Jimin onaylayan mırıltılar çıkarıp gözlerini kapattı. Sabah erken uyanmıştı ve dün gece de Jungkook yüzünden geç uyumuşlardı, bu yüzden yorgundu ve dersi dinleyecek hali de yoktu.
Öğretmenin ve sınıfın sesi gittikçe azaldığında kendini uykunun kollarına bıraktı.

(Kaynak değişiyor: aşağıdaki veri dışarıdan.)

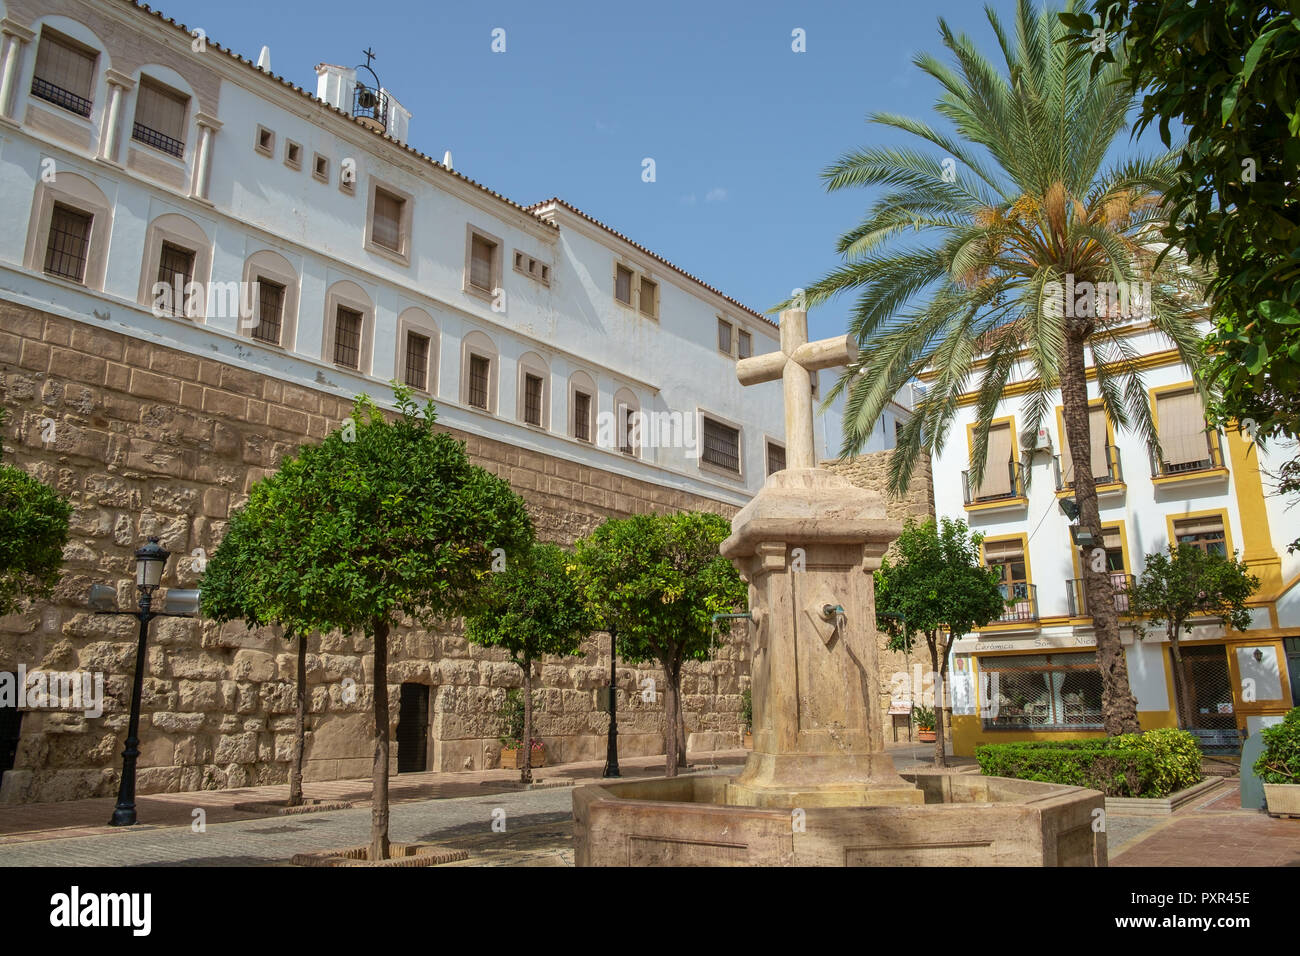 The Church Square (Plaze de la Iglesia), Marbella, Spain Stock Photo
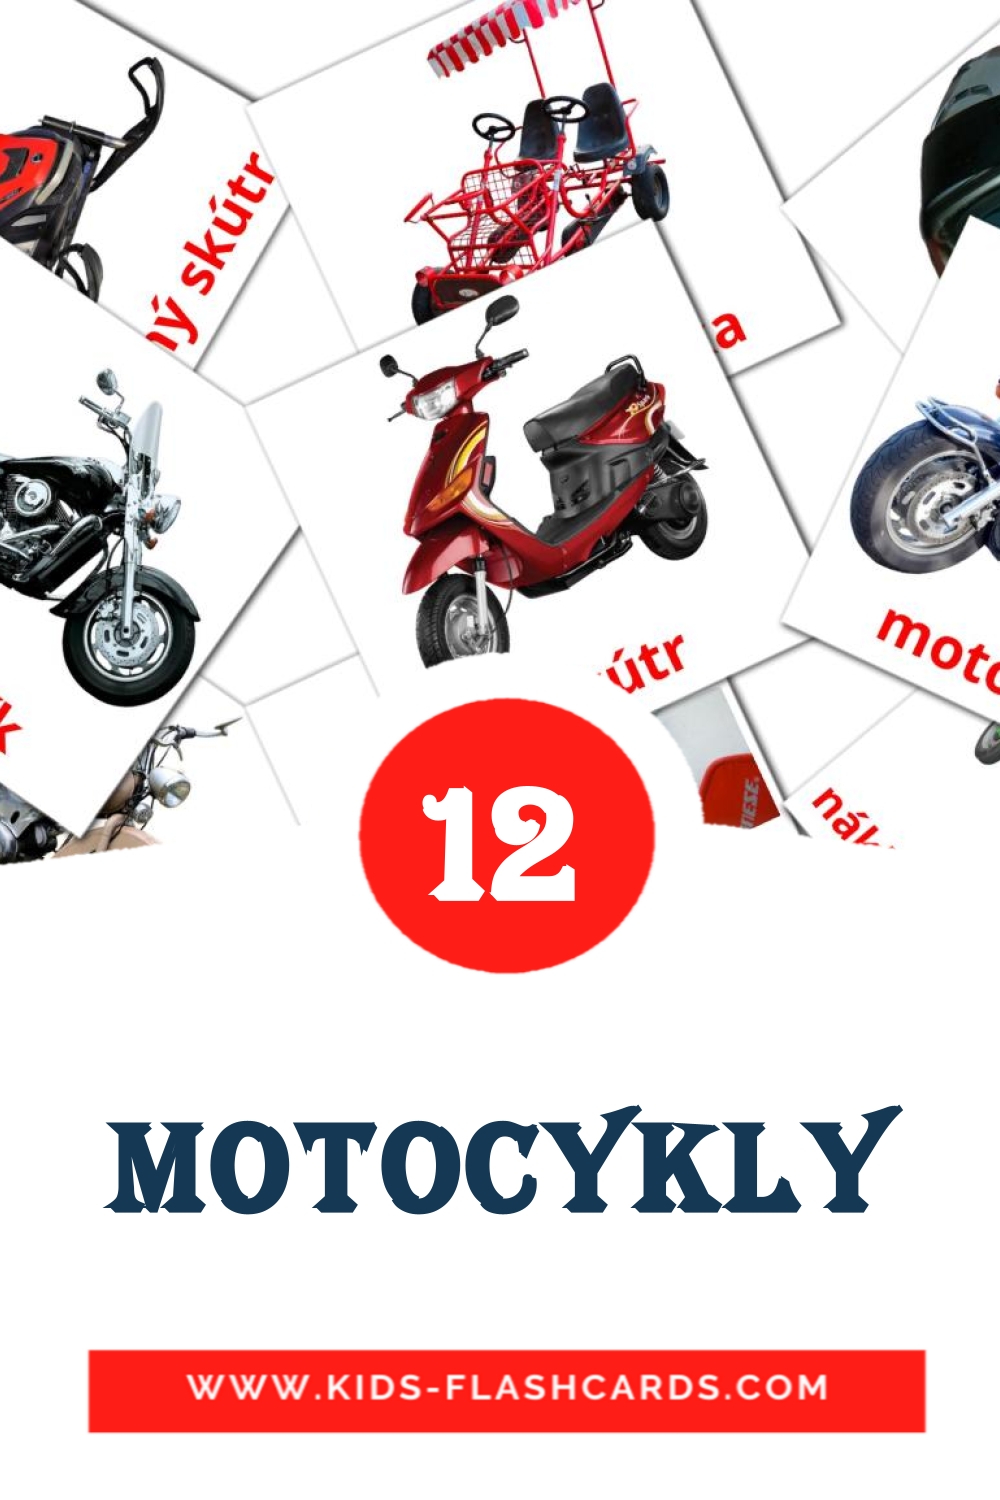 12 tarjetas didacticas de Motocykly para el jardín de infancia en checo

Jungkook ise kolunu masanın üstüne koyup kafasını da koluna yasladı ve Jimin'i izlemeye başladı. Onu gruplarına alalı 5, kalbine alalı ise 3 sene olmuştu. Tüm okul biliyordu onların ilişkilerini ve tabii ki, onları sevmeyenler de vardı, ancak hiçbiri sesini çıkaramıyordu. Tüm okul, günlerin birinde bir öğrencinin onların karşısına geçip 'sizden tiksiniyorum, iğrençsiniz' demesi ve ertesi sabah öğrencinin okuldan atıldığını öğrendikten sonra onlara bir şey söylemeye çekinir olmuşlardı. Kimse okuldan atılmayı istemezdi sonuçta.